In some ways, mindfulness has become a hip word. You’ll find it bandied around in all kinds of articles, comments and blog posts. Search on Pinterest for mindful or mindfulness and you’ll find lots of pins and boards on the topic. Ultimately it’s something that any and all of us can apply to ourselves. For me, it means that I want to concentrate more on being in the moment, of enjoying lives little pleasures – and face the challenges as they happen. It’s so easy to waste a lot of time on anticipating and worrying what lies ahead that it’s easy to miss what’s going around you.

It’s funny, if I know ahead of time that a stressful decision or event is coming up I can worry and fret and completely psych myself out. I think through all the possibilities and it’s just so easy to focus on all the negative consequences, which can then almost paralyze the decision-making process.

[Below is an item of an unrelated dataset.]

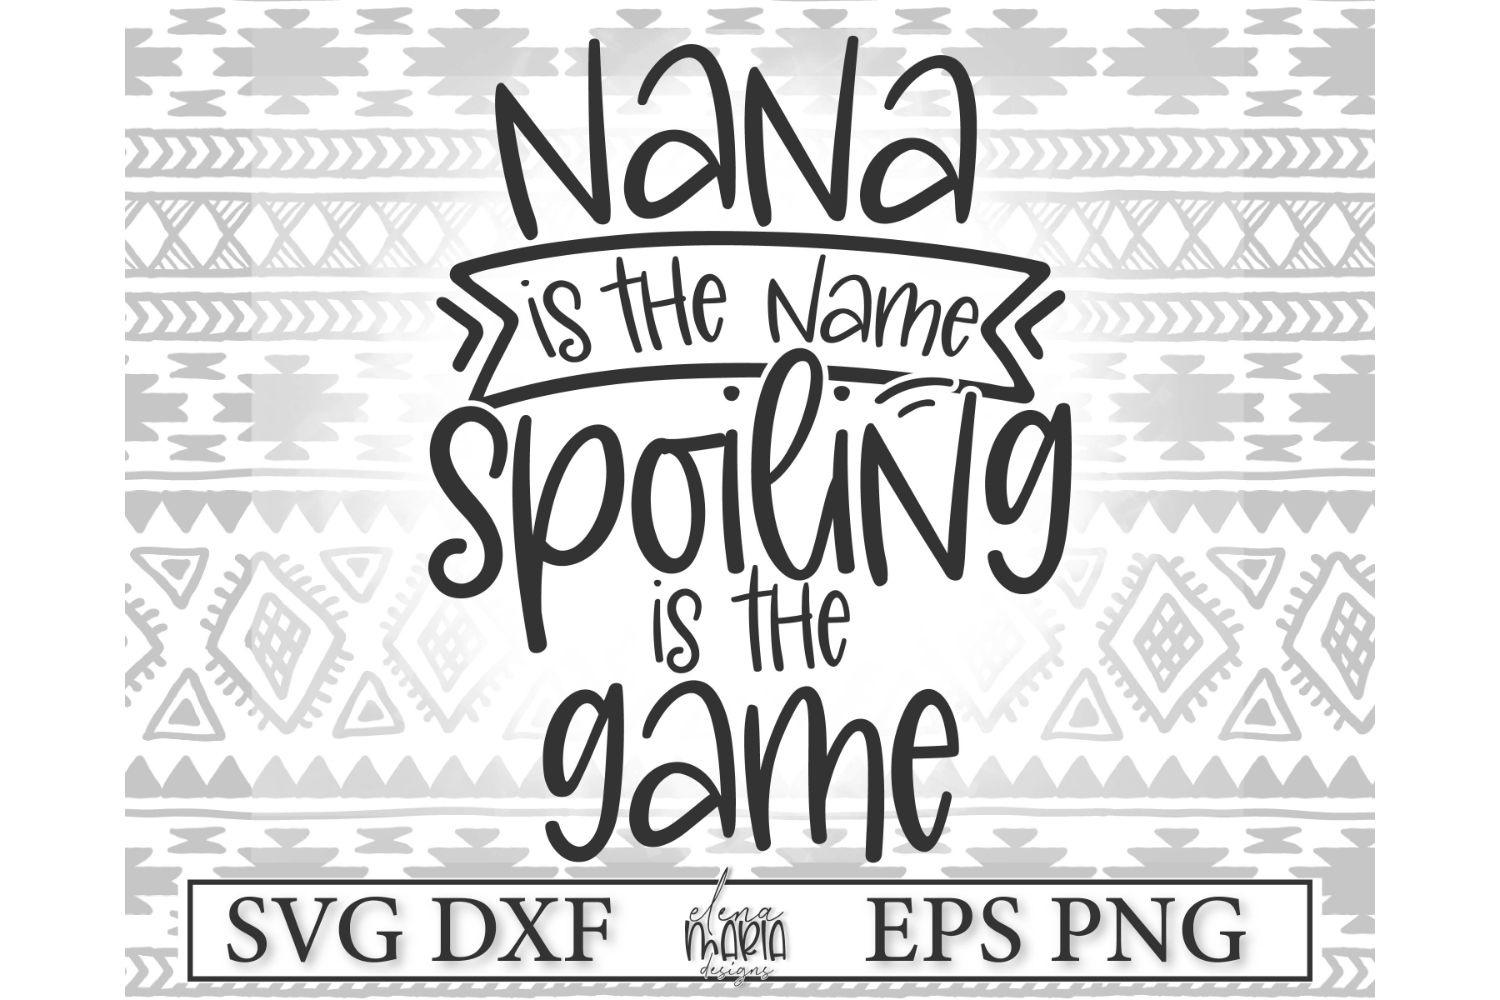 Download Nana is the name spoiling is the game SVG File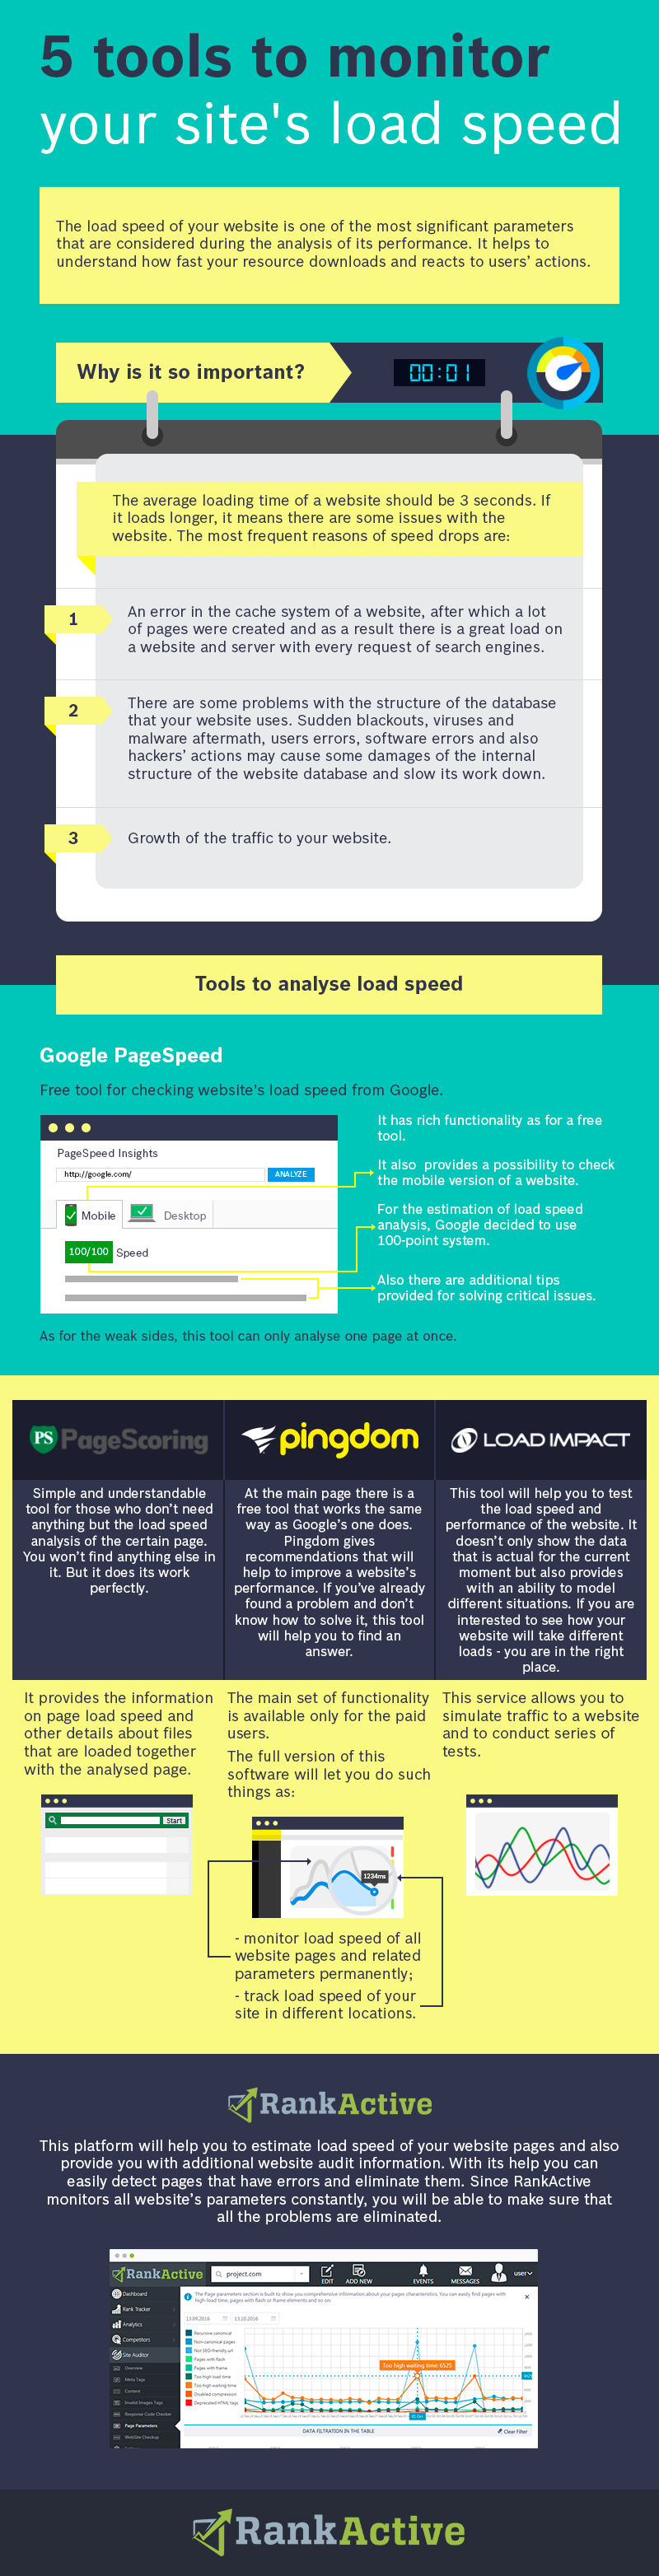 5-tools-to-monitor-your-sites-load-speed

I tend to do better when decisions have to be made on a short notice – I’m more focused on what needs to be done right now, and I just do it. No chance to overthink things.

half-empty half-full glass
A good reminder for occasional pessimists like myself… (via iflscience.com)

So, what am I planning to do? Well, the yoga teacher training is going to be huge benefit. It’ll really help me to be in the moment and listen to my body. I’ll end up being more aware of what I can and can’t do and how to push my boundaries without overextending myself. I’ve also started up singing which is another thing I love. In that moment, you’re concentrating on what you’re doing and all those cares and worries fall away. You’re in harmony with all those around you. There are all kinds of studies on how singing is good for you and how singers’ heartbeats align. I’ll try to dig up that article and write a blog post on it.

And apart from that, I want to make sure to really spend some quality time with friends and family that are near and dear to me. It’s been a rough year (more on that another time), and it’s really driven home how important it is to appreciate the people you love and to tell them that you care. You never know how life turns out, and you don’t want life to be full of regrets and what-ifs. It’s so common nowadays to meet up with friends and then everyone is checking their phones or taking time away. Family evenings where everyone is glued to their computer and/or the TV – well, let’s just say that this is not real quality time.

So I’ll end my comments on lifestyle and digital distractions with this simple summary: I want to be good to myself and others. I think that’s a really good goal, and it’s something that I can always – always – work on. It’s not one that I can just accomplish. By its very nature it’s aspirational and will remain aspirational and so I don’t have to be frustrated with myself that I didn’t make it. Let’s see how it goes.